Reality Check

Reality Check
An inside look at how today’s best riders get on their game and keep it

Published: Snowboard Canada Women’s Annual, 2007*

Have you ever wondered what would feel like to drop a big-mountain line in Alaska?

Like really thought about it. About what would go through your mind while perched on top of a razor-thin ridgeline, staring down a chute that has 10 feet of visibility before a blind turn releases you into the white void below.

What would you do? Poop your pants? Yeah, that would be my first instinct too. Not only are the consequences of this kind of riding dire – you know: grievous injury, death, that kind of thing – there’s no way out! There’s no mellow way down!

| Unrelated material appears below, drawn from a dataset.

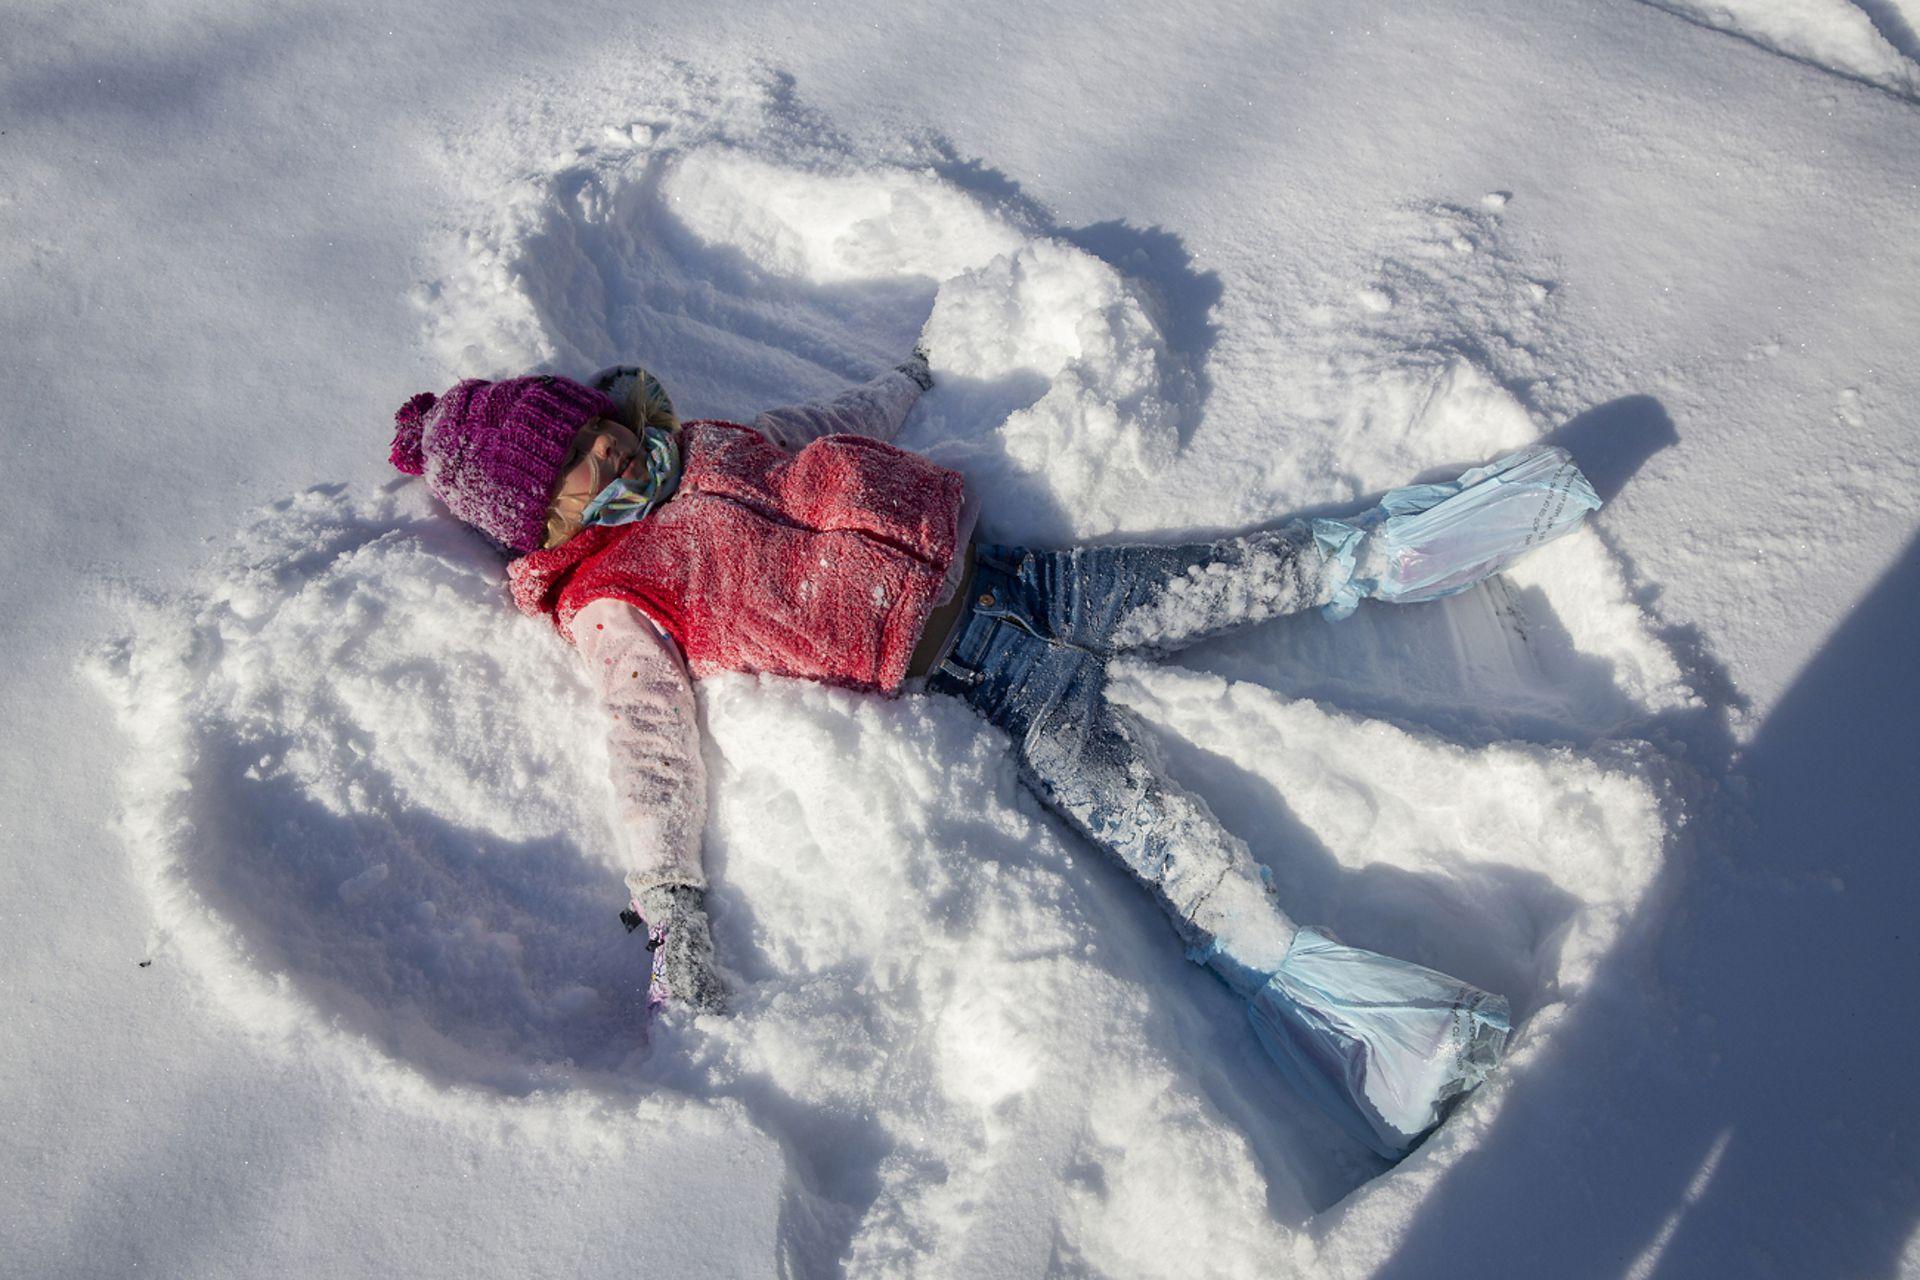 La tormenta está dejando intensas nevadas, heladas, temperaturas bajo cero y a millones de hogares sin suministro eléctrico
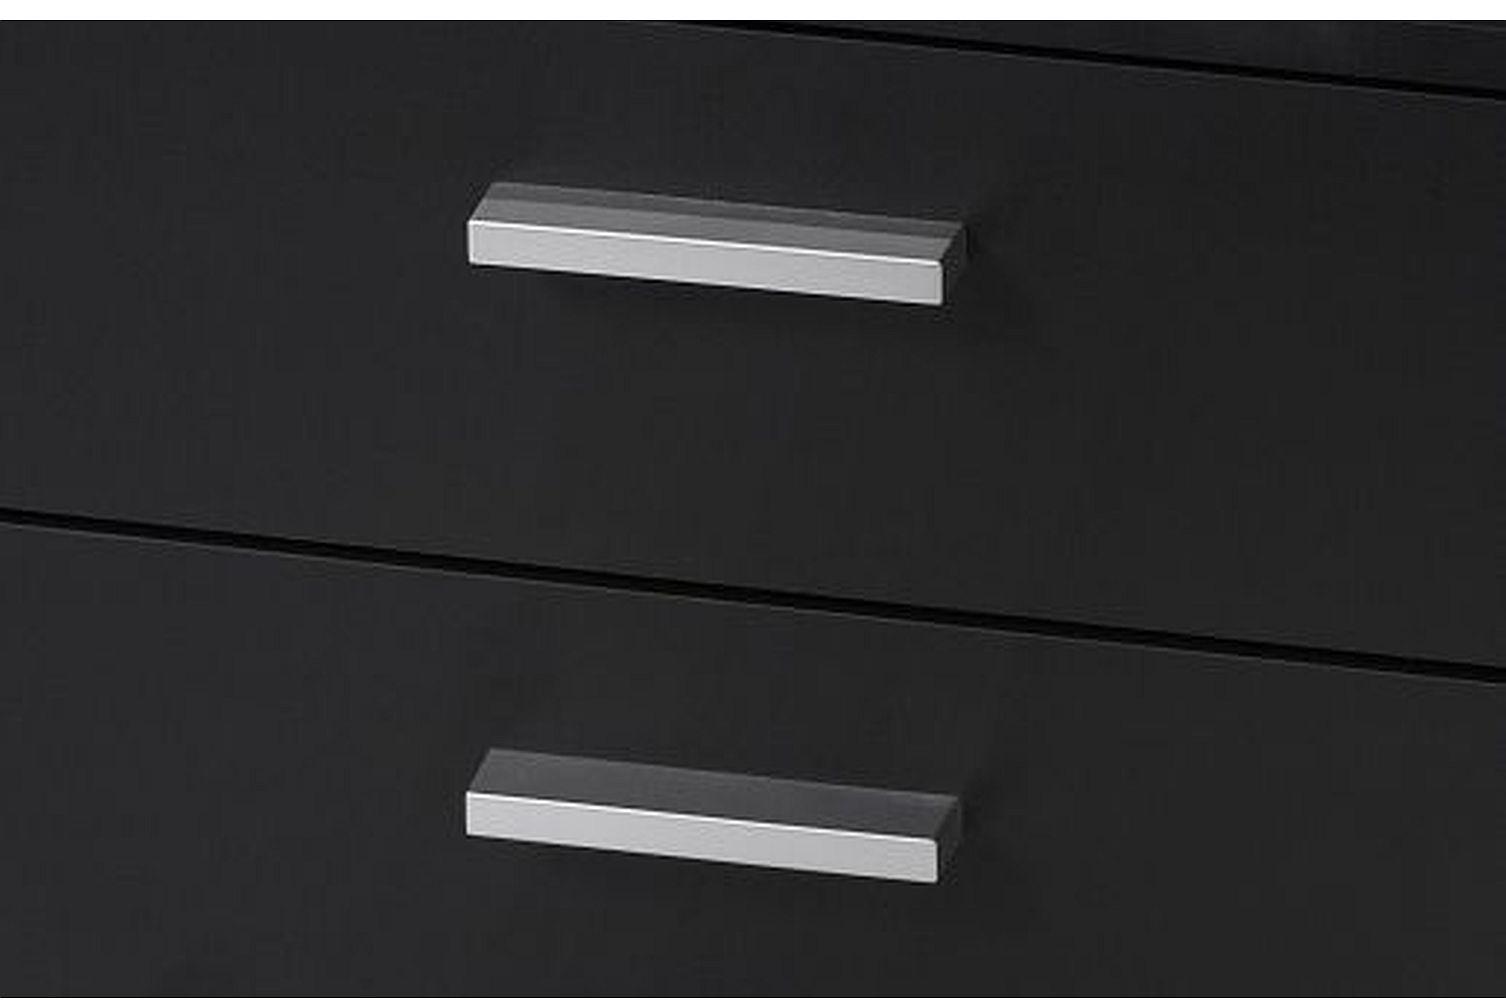 Nachtschrank nachttische tisch kommode nachtkonsole neu schwarz ebay - Kommode schwarz matt ...

It really is all or nothing.

When you take the time to really think about it, the realities of pro snowboarding are pretty mind-boggling. Dropping into a halfpipe with the whole world watching, scoping out desolate mountain peaks in AK from a helicopter, contests with $100,000 on the line, being the guinea pig to a newly built, untested backcountry jump.

It’s those moments –those high-risk, high-pressure moments – that make you wonder: what does it take to ride at that level? What goes through the best riders minds as they make life or career-risking decisions? And how did they get so good?

We set out to interview four key riders in women’s snowboarding and find out the answer to that very question. Whether it’s heading into the wilds of Alaska, scouring the world for new rails to shoot, or grinding it out in the pipe, the following riders tell us how they work year-round to constantly improve, and progress, each season.

Putting it all on the line (again) in AK with Annie Boulanger
Annie Boulanger has always been a bit of a rebel in Canadian snowboarding. She was the first out of the newest generation of pro girls to really embrace sled culture and has since worked on improving her backcountry skills with single-minded focus and drive.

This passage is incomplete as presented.